Полная версия
Весенняя коллекция детектива
– Я ничего не придумал. Я совершенно точно знаю, что тебя тут же арестуют за… соучастие или причастность, я не помню толком, как это называется по-русски. Ты очень подозрительно себя ведешь. Ты забираешься в чужие опечатанные квартиры, находишь в них взрывчатку, а потом сообщаешь в полицию, которая при осмотре помещения ничего такого не нашла! Я вообще очень удивлен, что тебя не задержали в самый первый раз, когда слесарь оказался возле твоей квартиры!
Олимпиада сжала кулаки. Она не желала его слушать. Он говорил ужасные и несправедливые вещи, да еще так, как будто она и вправду была в чем-то замешана. Но он же знает, что это не так!
Она только открыла рот и собралась сказать что-то такое, что навсегда сбило бы его с этого невозможного, уничижительного тона, но он не дал ей произнести ни слова.

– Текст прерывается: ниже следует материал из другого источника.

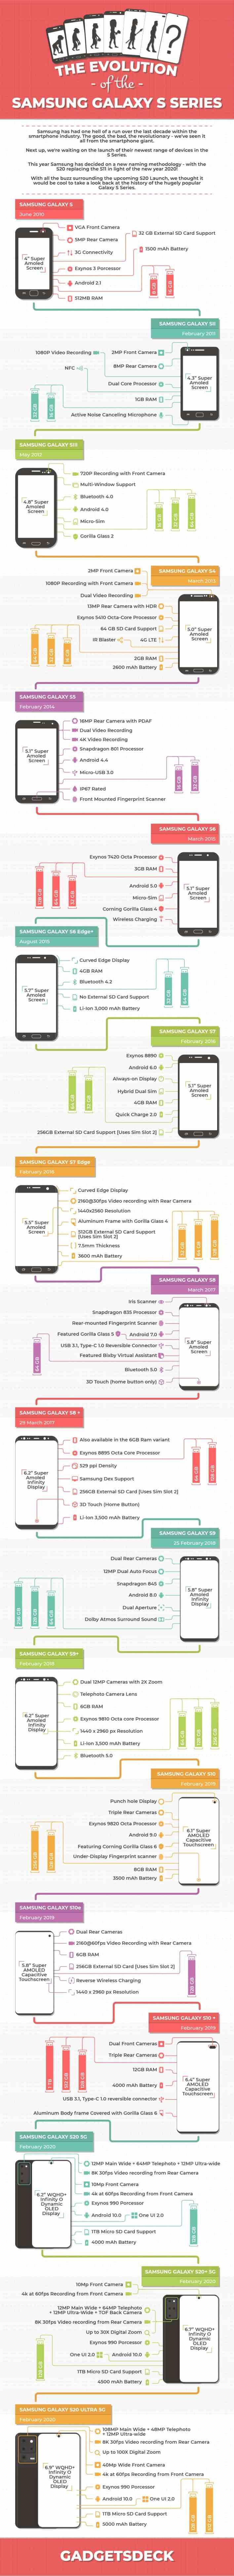 التطور الكامل لسلسلة Galaxy S

– Не мешай мне, – приказал он. – Я должен разобраться сам, а я пока ничего не понимаю! Кроме того, боюсь, что дело будет очень затруднено, если в него вмешаются русские власти.

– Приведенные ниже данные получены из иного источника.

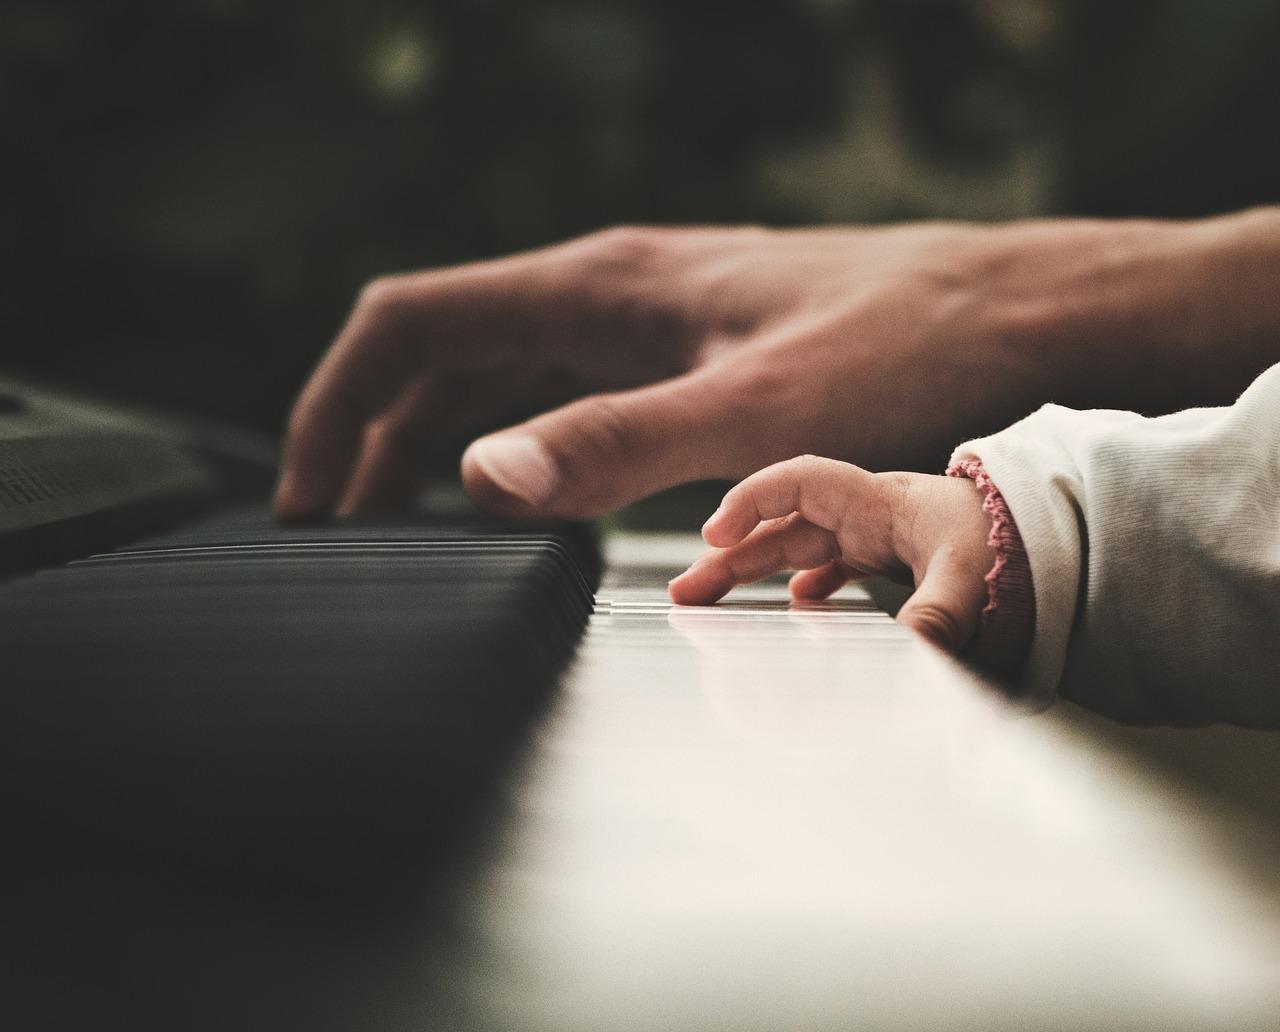 piano 2564908 1280 - Como Tocar Teclado Passo a Passo: O Caminho Que Você Precisa Seguir

– Да кто ты такой, чтобы разбираться?! Или ты думаешь, что если у тебя дипломатический паспорт…
– Я комиссар швейцарской финансовой полиции, – сказал он так, словно сообщал, что он экскурсовод в краеведческом музее. – Я хочу знать, с чем связаны все эти необъяснимые вещи, которые происходят вокруг меня.
– Кто?! – пронзительно переспросила Олимпиада. – Кто ты?!
Добровольский не стал повторять. Сейфовый замок в данный момент интересовал его гораздо больше, чем Олимпиада. К счастью, он был прост, и открыть его не составляло никакого труда.
Замок щелкнул, открылся, и оказалось, что в сейфе почти ничего нет. Добровольский вытащил на свет довольно худосочную пачечку евро, еще одну, потолще, долларов, записную книжку и проколотый дыроколом паспорт советских времен на имя Племянникова Георгия Николаевича.
– Негусто.
– А что ты ожидал найти? – язвительно спросила Олимпиада, которая все еще никак не могла прийти в себя после известия о том, что он международный Шерлок Холмс. – Явки, пароли, чужие дачи?
– Почему дачи?
– Потому что это песня такая, – буркнула Олимпиада. – Ее поет группа «Високосный год».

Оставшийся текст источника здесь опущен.